Я высунулась из окна, как черепаха из панциря (шляпка зацепилась бантом), и увидела господина в длинном пальто. Господин тихо говорил сам с собой: «Может, не надо было ей ботинки отдавать? Она в шляпке… С другой стороны, ну и что, что в шляпке, она же консьерж». Я сказала: «Не смущайтесь, я знаю, что я консьерж», и он, не глядя на меня, приветственно поднял руку и прошел к выходу. Вот мы и познакомились.
В пакете, упавшем на подоконник будки (бум), были ботинки.

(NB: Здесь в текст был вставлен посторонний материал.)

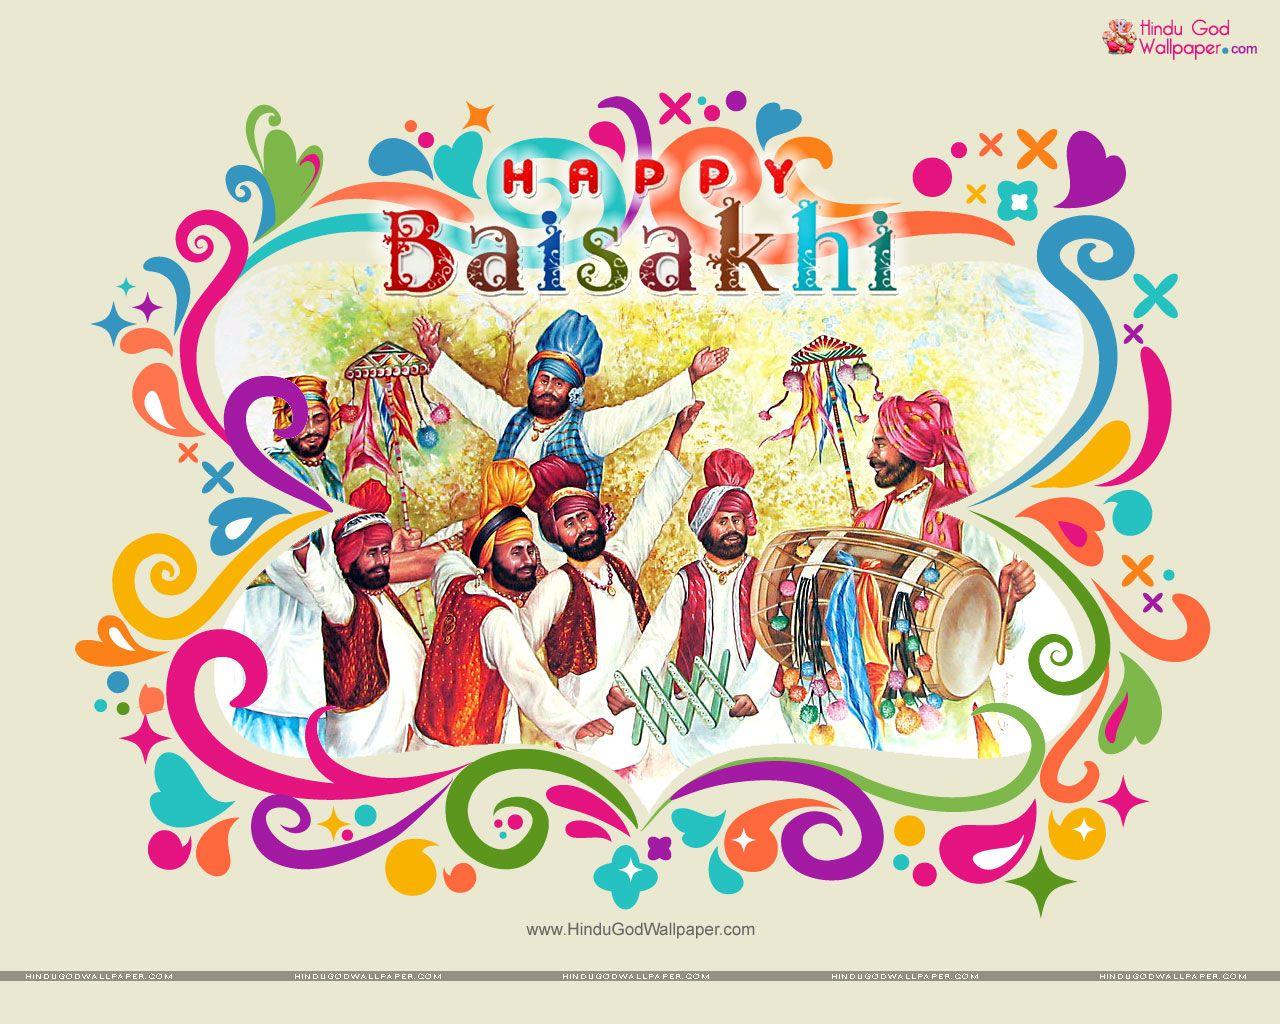 Baisakhi HD Wallpaper, Picture and Photo Download. Baisakhi
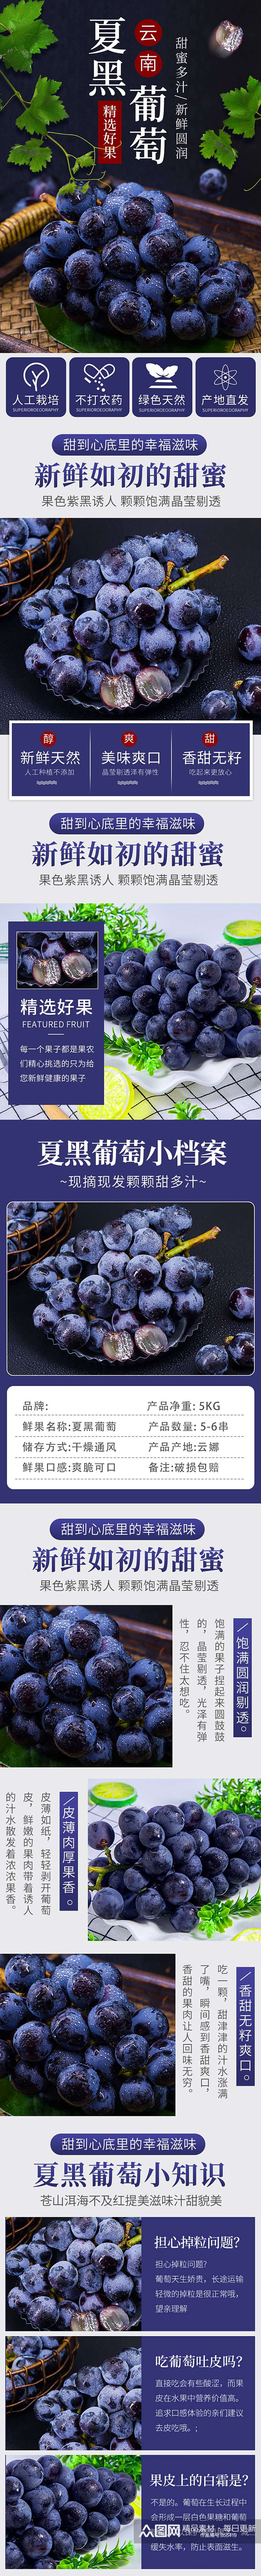 美食生鲜水果果蔬夏黑葡萄详情页素材

Мужские ботинки, новые, с вложенным в правый ботинок чеком, фирма «LLoyd», размер сорок шестой. Вне всякого сомнения, ботинки были для меня. Подарок. Ему ботинки малы или велики, а консьерж пусть носит на здоровье, — благотворительность. Ну… спасибо. Вечером (придет же он когда-нибудь домой) ботинки верну под предлогом «размер не подошел, маловаты».
А вот еще одно мое «другое общение»: мама с сыном. Как и Господин в пальто, остановились у будки: может быть, жильцы привыкли совать консьержу в будку косточки, лакомства?.. Но нет, мама с сыном остановились познакомиться.
Мама очаровательная: крепкая ширококостная блондинка, излучающая такое спокойствие и доброжелательность, что хочется к ней удочериться; кажется, что побудешь ее дочкой хотя бы полчаса, и за полчаса она решит все твои проблемы.
— Если вы выйдете из будки, то я на вас посмотрю, — сказал мальчик, и мать одернула его «Матвей!»
Матвей похож на маму, они как матрешки из одного комплекта — крепкие, яркие.
— Простите, ему в школьном театре нужно сыграть э-э-э… пожилую даму.
— Старуху, — уточнил мальчик. — Я играю старуху в пьесе про Хармса. Я там падаю из окна.
Я поправила (не терплю неграмотности):
— В пьесе по Хармсу или по произведениям Хармса.
Мама не обиделась, а кротко пояснила:
— Это именно пьеса о Хармсе, о жизни Хармса, но, конечно, в пьесе его стихи и проза… Матвей играет одну из шести вываливающихся старух.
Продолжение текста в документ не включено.